* **ACTIVITY**: In the data below, find the line containing "Ruisseau dans la"; transcribe it and each line after it exactly, through the last, skipping pictures.

== GIVEN INFORMATION

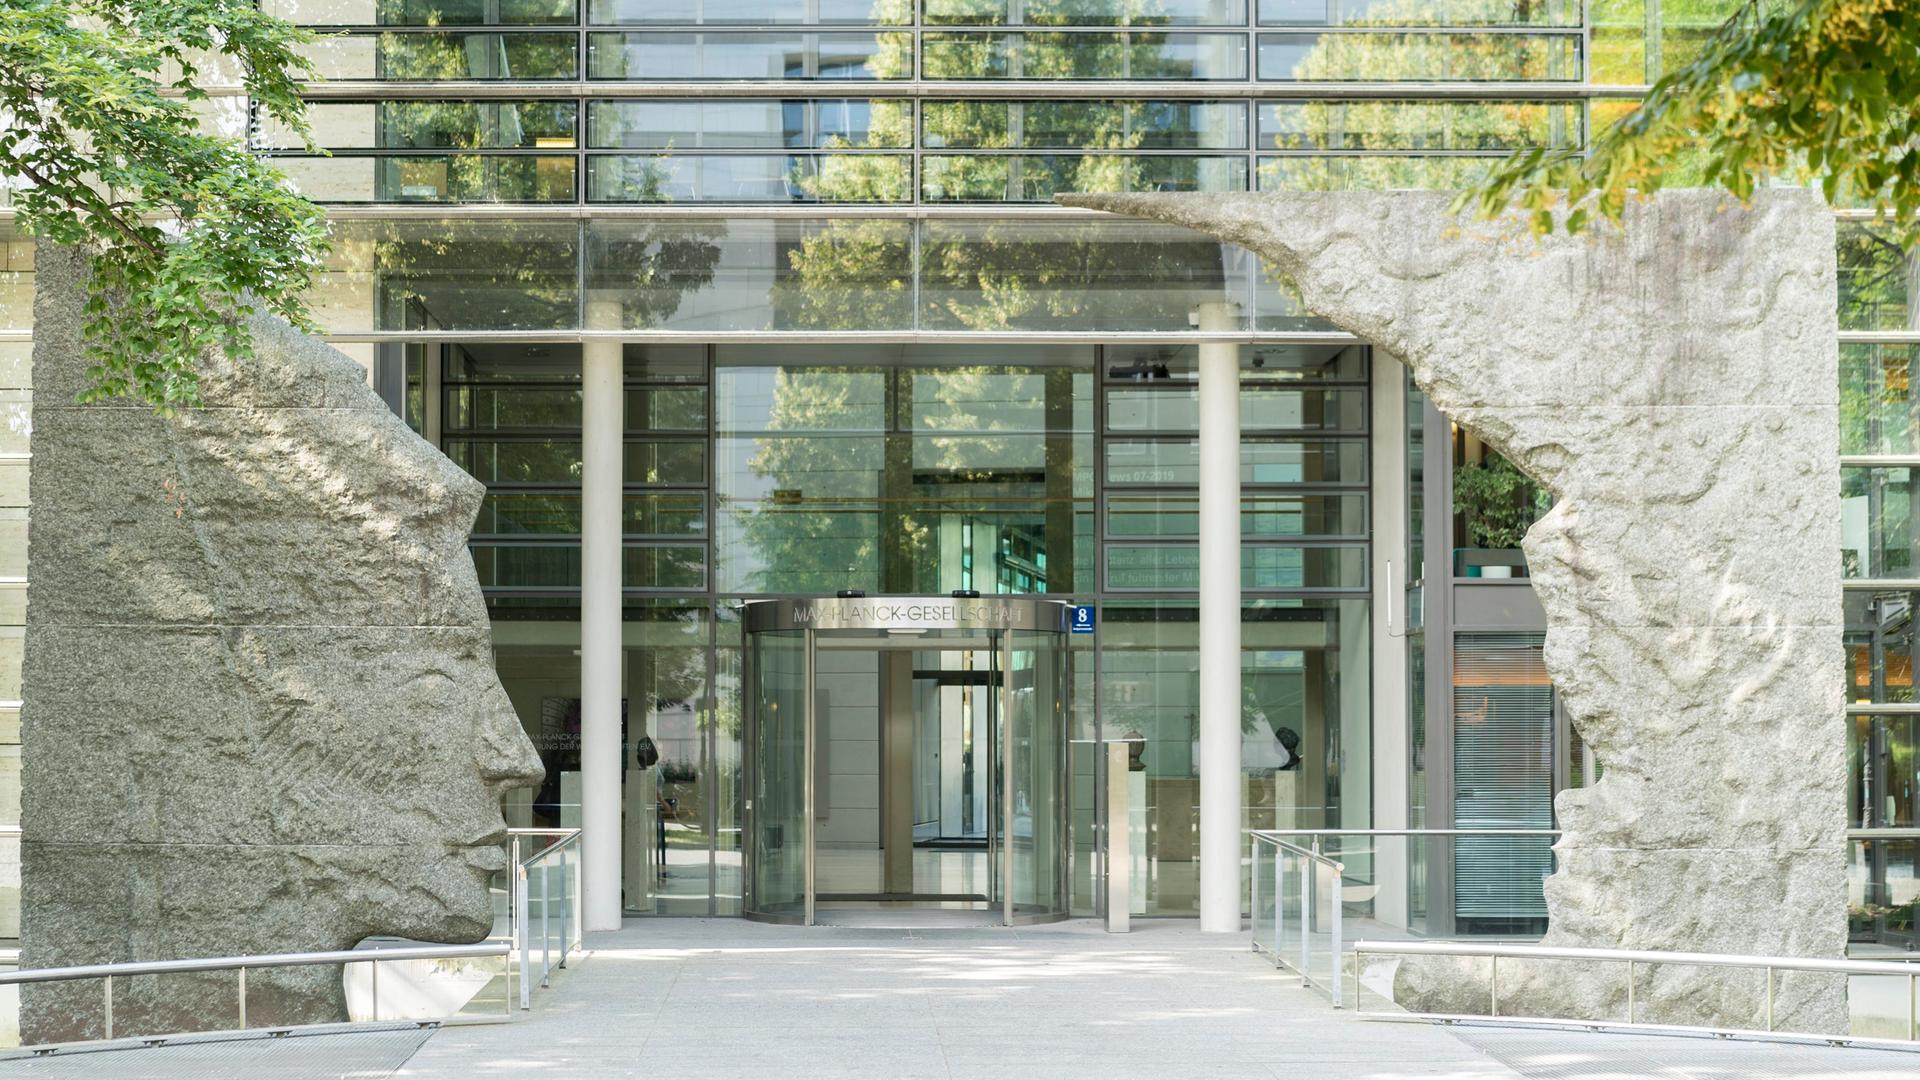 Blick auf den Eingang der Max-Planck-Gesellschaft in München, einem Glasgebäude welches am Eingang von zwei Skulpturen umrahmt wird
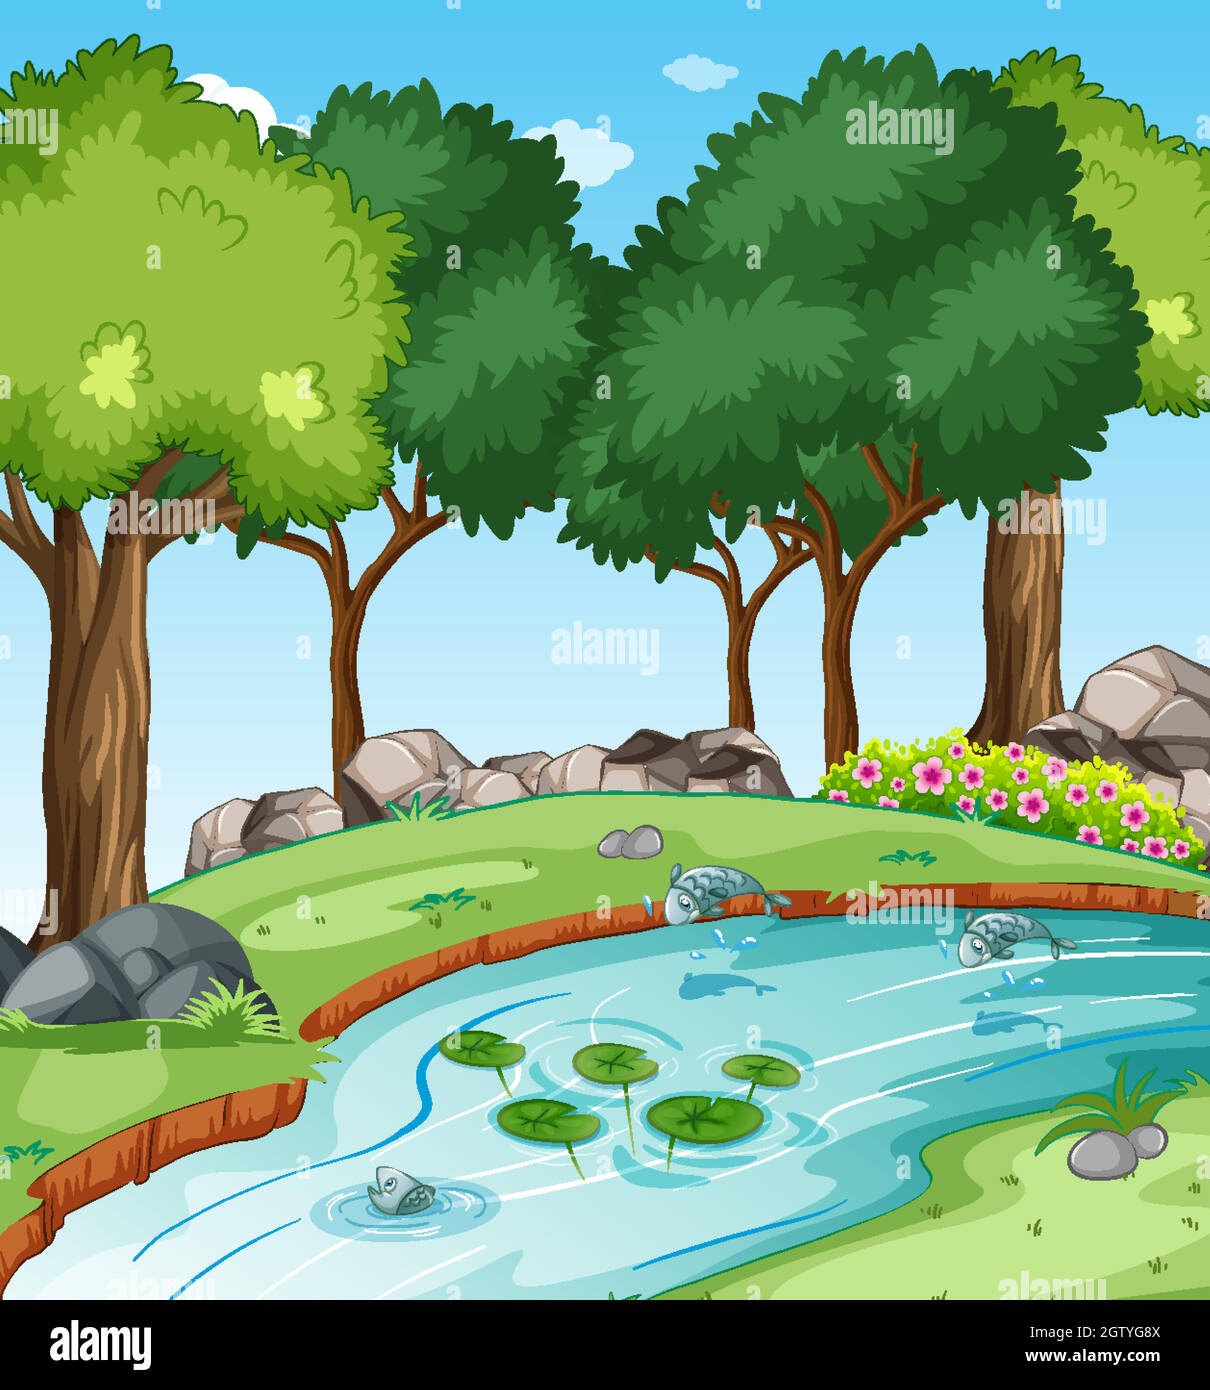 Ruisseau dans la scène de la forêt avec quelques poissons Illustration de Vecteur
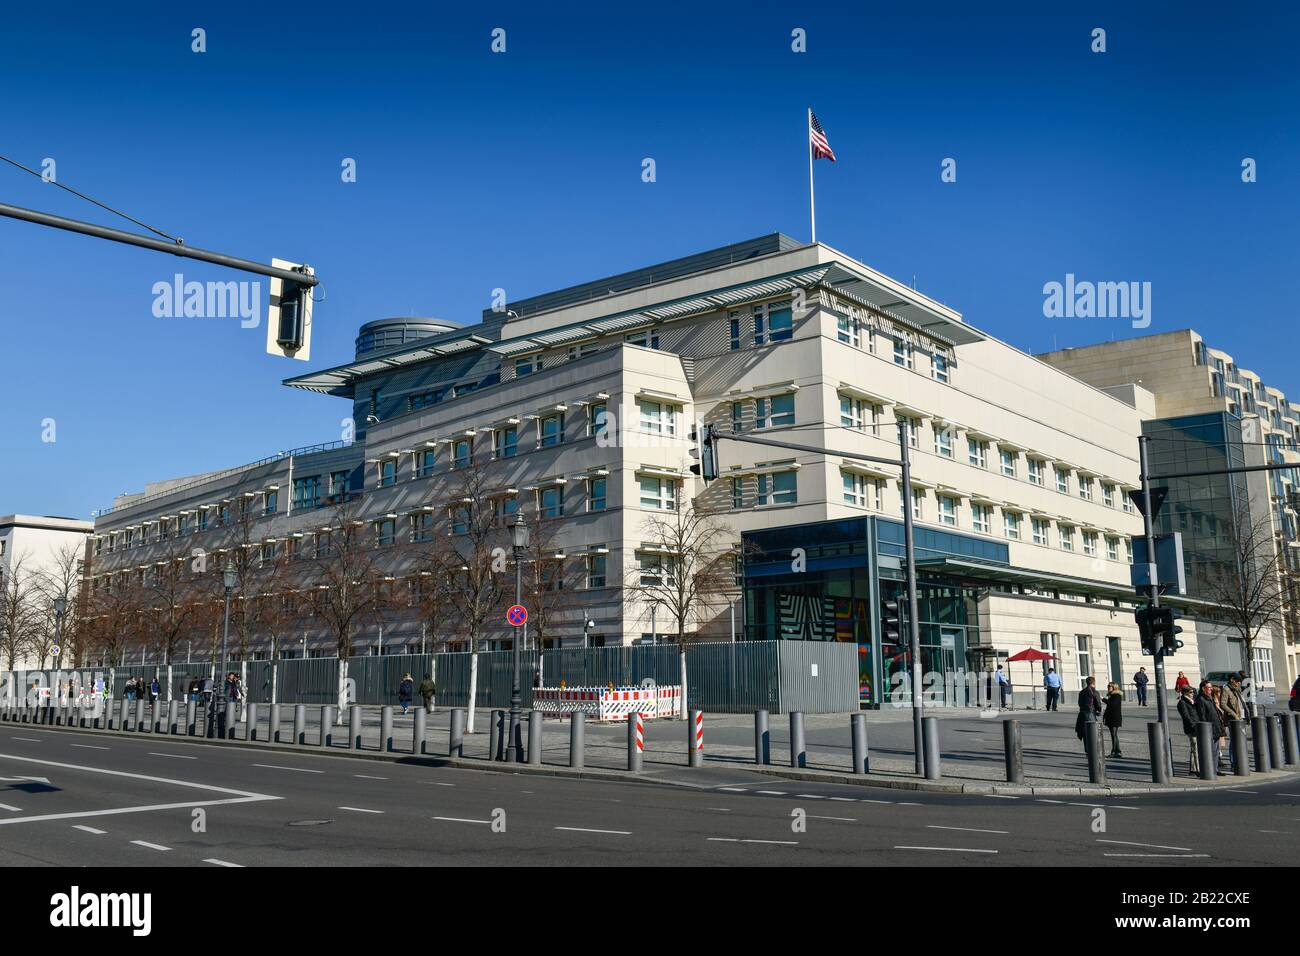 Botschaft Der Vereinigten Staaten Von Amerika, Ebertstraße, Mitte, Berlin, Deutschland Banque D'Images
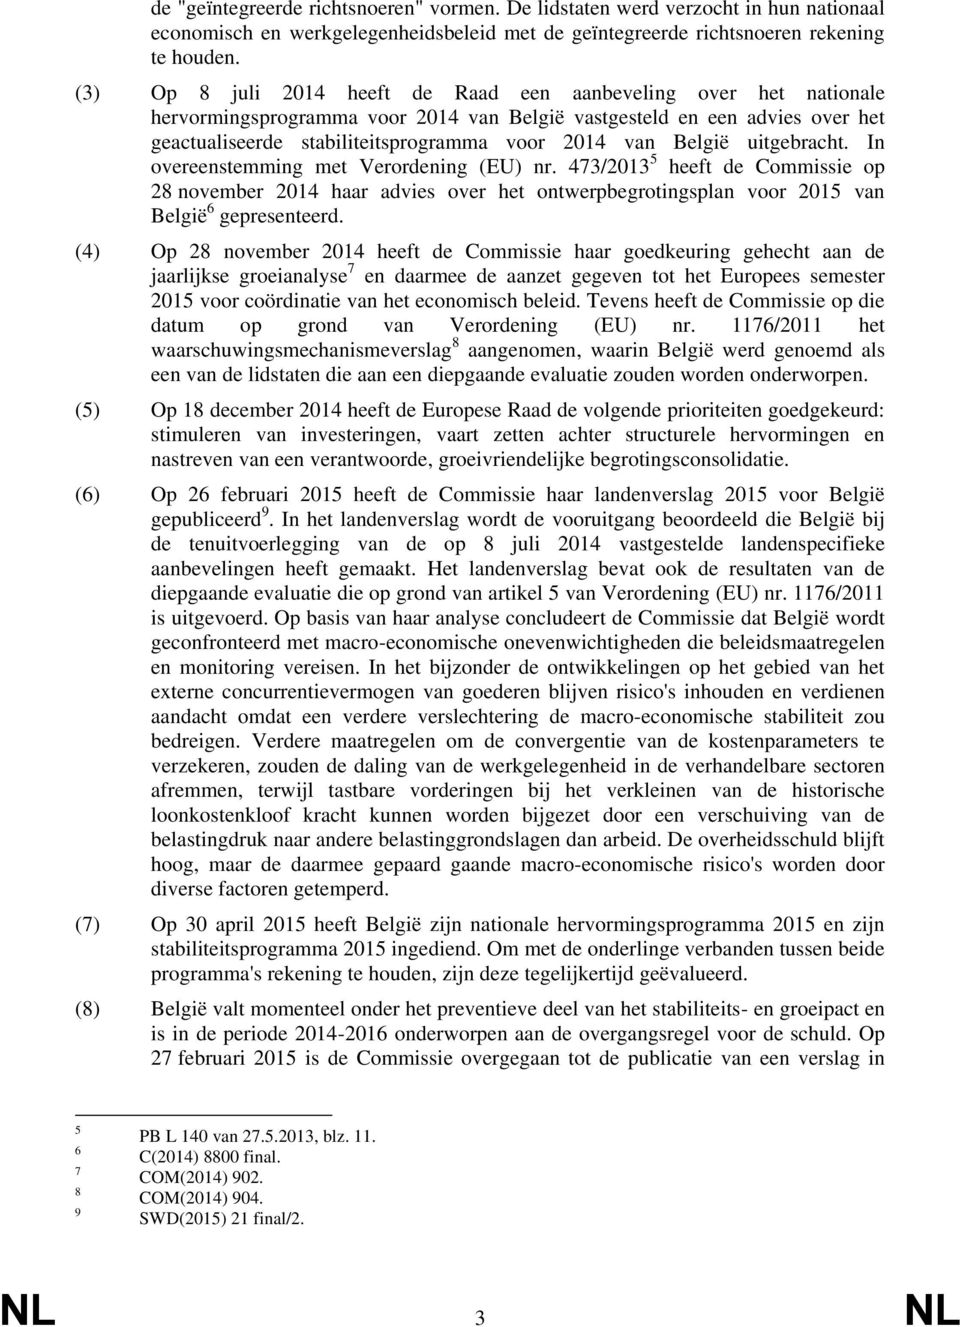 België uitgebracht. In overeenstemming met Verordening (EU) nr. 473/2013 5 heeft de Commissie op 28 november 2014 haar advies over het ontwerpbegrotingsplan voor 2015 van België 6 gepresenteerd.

====

* **SOLUTION FOR THIS TASK**:
 Ruisseau dans la scène de la forêt avec quelques poissons Illustration de Vecteur
 Botschaft Der Vereinigten Staaten Von Amerika, Ebertstraße, Mitte, Berlin, Deutschland Banque D'Images
 België uitgebracht. In overeenstemming met Verordening (EU) nr. 473/2013 5 heeft de Commissie op 28 november 2014 haar advies over het ontwerpbegrotingsplan voor 2015 van België 6 gepresenteerd.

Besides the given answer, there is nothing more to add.